Welcome JOHN, IN:hello: 

That's a handsome looking tractor in your avatar. Do you have any pictures of it on a larger scale?


----------



## jbetts13

hey Parts Man:friends: 

do you have a parts manual and a service manual of Massey Harris 20 :cpu: l went to the MF dealer place but they did not carry stuff for massey Harris l've deen to the tractor shows but no luck:argh: 


:siren: :thumbsup: Massey Lover Forever (MLF) Bye outta here


----------



## JOHN IN

> _Originally posted by Argee _
> *Welcome JOHN, IN:hello:
> 
> That's a handsome looking tractor in your avatar. Do you have any pictures of it on a larger scale? *


Yes I do have a bunch pictures of her and would be more than happy to share them with you.


----------



## parts man

jbetts, I'll get you that phone# as we discussed on MSNmessenger.


----------



## kybug

Just a couple of pictures of my 1983 MF 240. Recently restored it this past June. Going to look good with my Allis Chalmer trip plows that I just finished also. Wish I had some Massey trip plows. Anyone know where any are?


----------



## kybug

another picture


----------



## MowHoward2210

That's a great looking machine, kybug!
I remember seeing a lot of Massey's when I was growing up. I remember when my friend's dad bought a brand new 1155 in the early 70's. I remember it as being really big (for the time) and it had some kind of cool heat shields around the manifold of the V8.


----------



## Ingersoll444

> _Originally posted by kybug _
> *Just a couple of pictures of my 1983 MF 240. Recently restored it this past June. Going to look good with my Allis Chalmer trip plows that I just finished also. Wish I had some Massey trip plows. Anyone know where any are? *


WOW, that tractor looks GREAT!!! Any stats of the tractor? Did you do the resto yourself?


----------



## jbetts13

*plows*

do you mean massey harris or MF there was one in ontairo but dont know if it is there


----------



## kybug

Thanks Ingersoll for the compliments on my tractor. Don't really know what you mean by stats but I will give you the story of my trator. It is a 1983 model and only had 1500 hrs on it when I bought it. It looked and ran well, the paint was just oxidized really bad. I han't even thought about painting it, but back this summer I did some bushogging and when I was through I parked it in the building. That was on a thursday and when I went to get it out of the building saturday morning to finish the job it was on fire! I dont know how it sat their for 3 days and then caught on fire but my timing couldn't have been better. The alternator wire was resting on the hand operated fuel pump. For some reason it shorted out and then it melted the plastic fuel line that runs from the tank to the hand operated fuel pump. All 12 gallons of fuel leaked onto the concrete. When I raised the garage door the rubber breather line that goes from the air breather to the engine was aflame! I managed to get it pulled off and unhooked the battery. I couldn't have been more lucky. Thirty more minutes and it would have been gone alone with the truck and lawn mowers that was in there. I am also very very glad it was a gasoline. So actually all I had to replace was a wiring harness a fuel line and a breather hose. 

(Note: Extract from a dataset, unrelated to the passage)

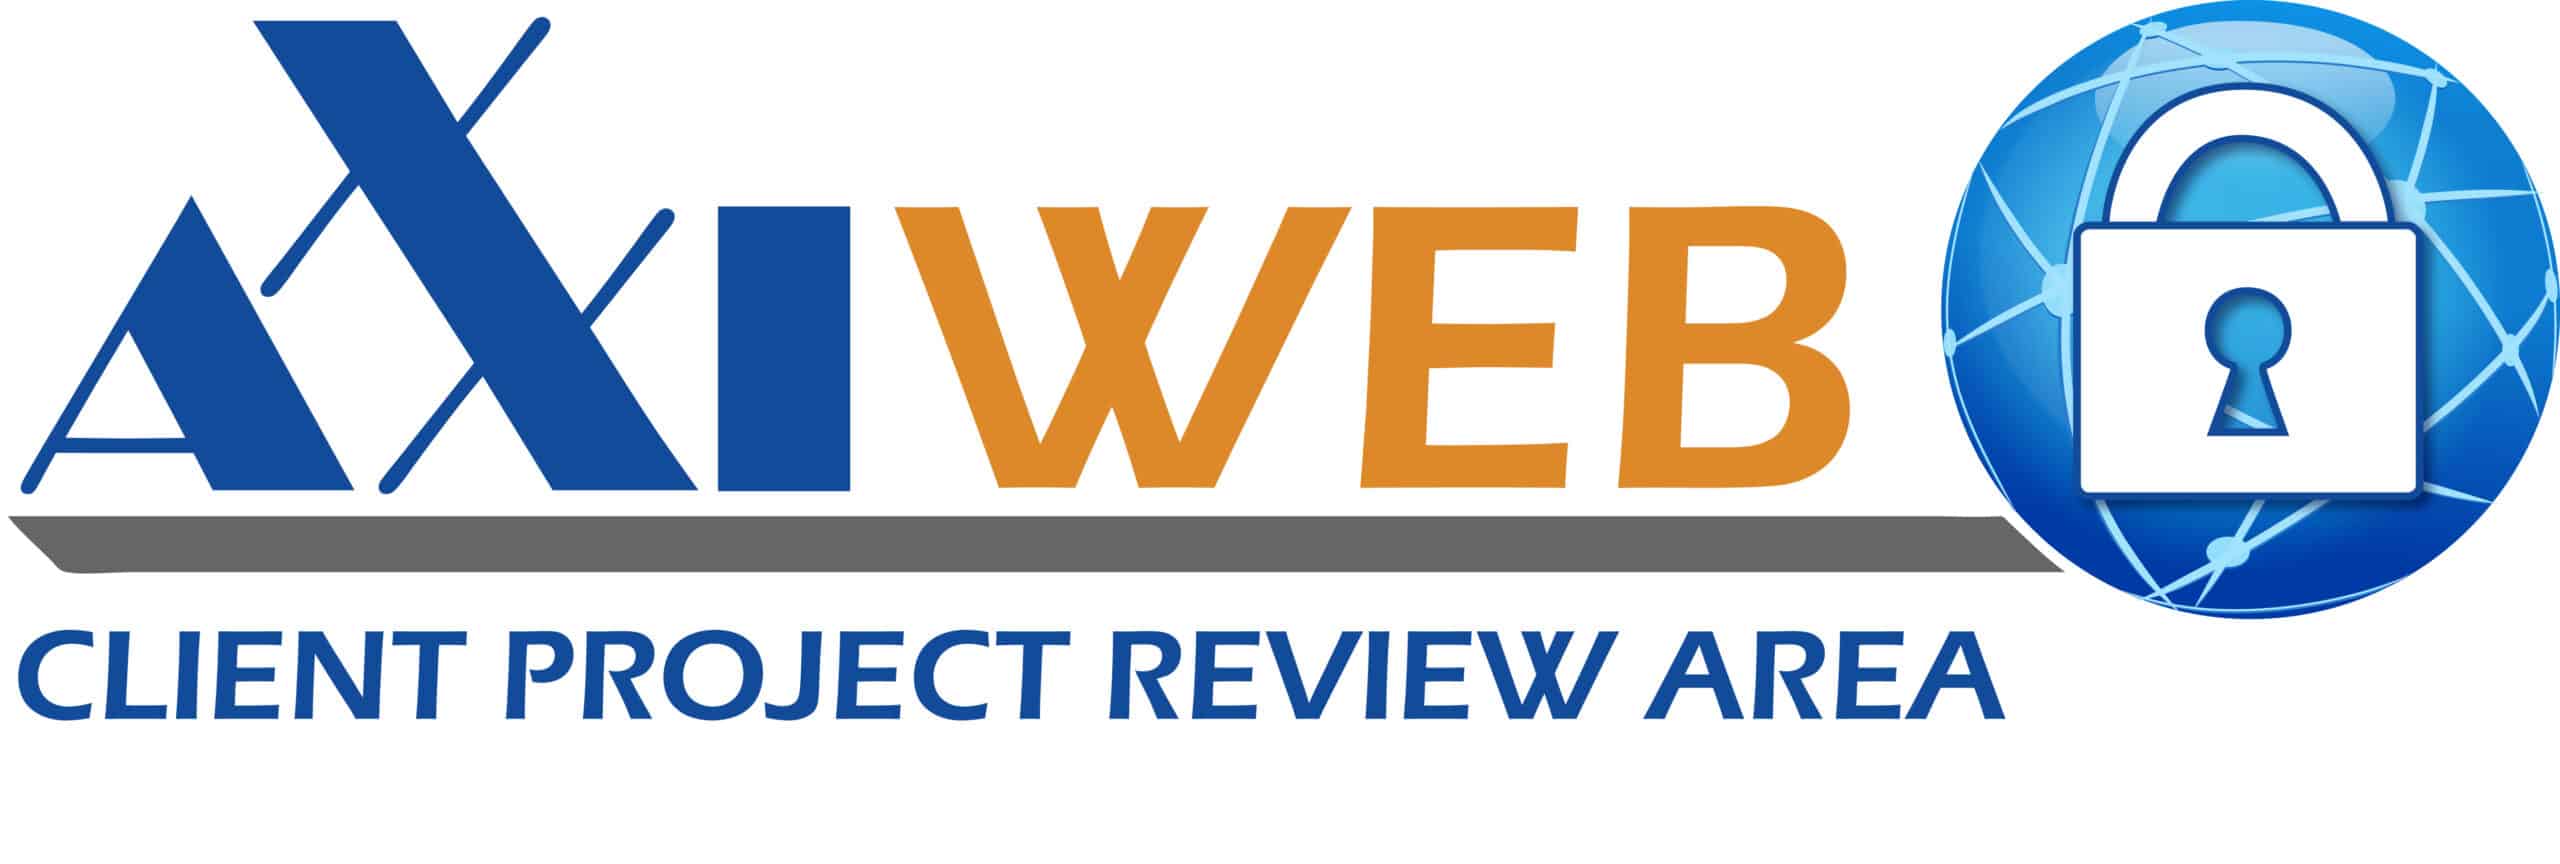 axxiem client review biotech website
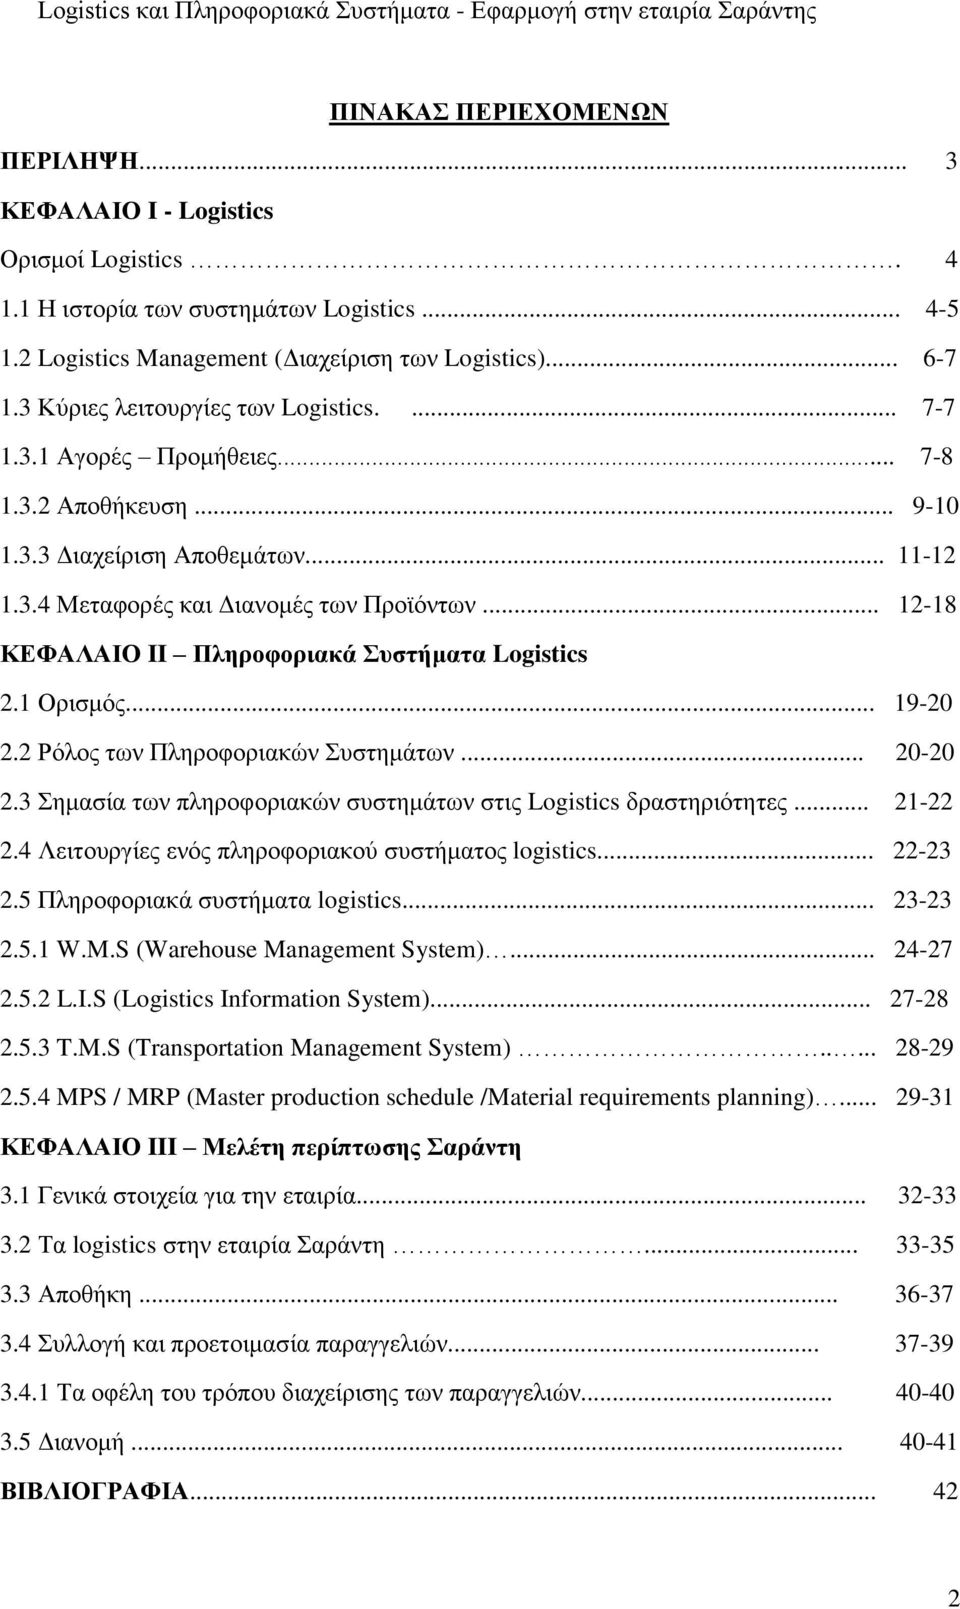 .. 12-18 ΚΕΦΑΛΑΙΟ II Πληροφοριακά Συστήματα Logistics 2.1 Ορισμός... 19-20 2.2 Ρόλος των Πληροφοριακών Συστημάτων... 20-20 2.3 Σημασία των πληροφοριακών συστημάτων στις Logistics δραστηριότητες.

As far as the tractor it is 34 pto hp. Don't really know what that is engine wise because my book doesn't show it. The best thing I like about my tractor is that it has a foot throttle also. There wasn't that many small tractors that had those back then, but of course all most all tractors today have them. Okay enough of the rambling. Hope everyone has a great NEW YEAR!


----------



## jodyand

kybug That is a fine looking tractor and im glad you got to the fire in time. Is that amour all on the tires man you sure keep it clean.
Jody


----------



## Ingersoll444

> _Originally posted by kybug _
> *Thanks Ingersoll for the compliments on my tractor. Don't really know what you mean by stats *



Sorry, missed the responce.

Mostly thinking of Gas, deisel. HP, etc.


----------



## djhortin

*3680*

I have spent a lot of time on or in a Massey. I am an Illinois farmer and like Massey because I think they are cheaper to buy and to operate. I am considering buying a 3680. Should I? I have 3 1155's and like them but cannot keep my 2 AC7080 running.


----------



## Chris

<h1>WELCOME, DJ!!!! </h1>

It certainly sounds like you have quite a nice collection of Masseys. If you can, please post more details, pictures and also share your farming activity and crops? Acreage you cover, etc?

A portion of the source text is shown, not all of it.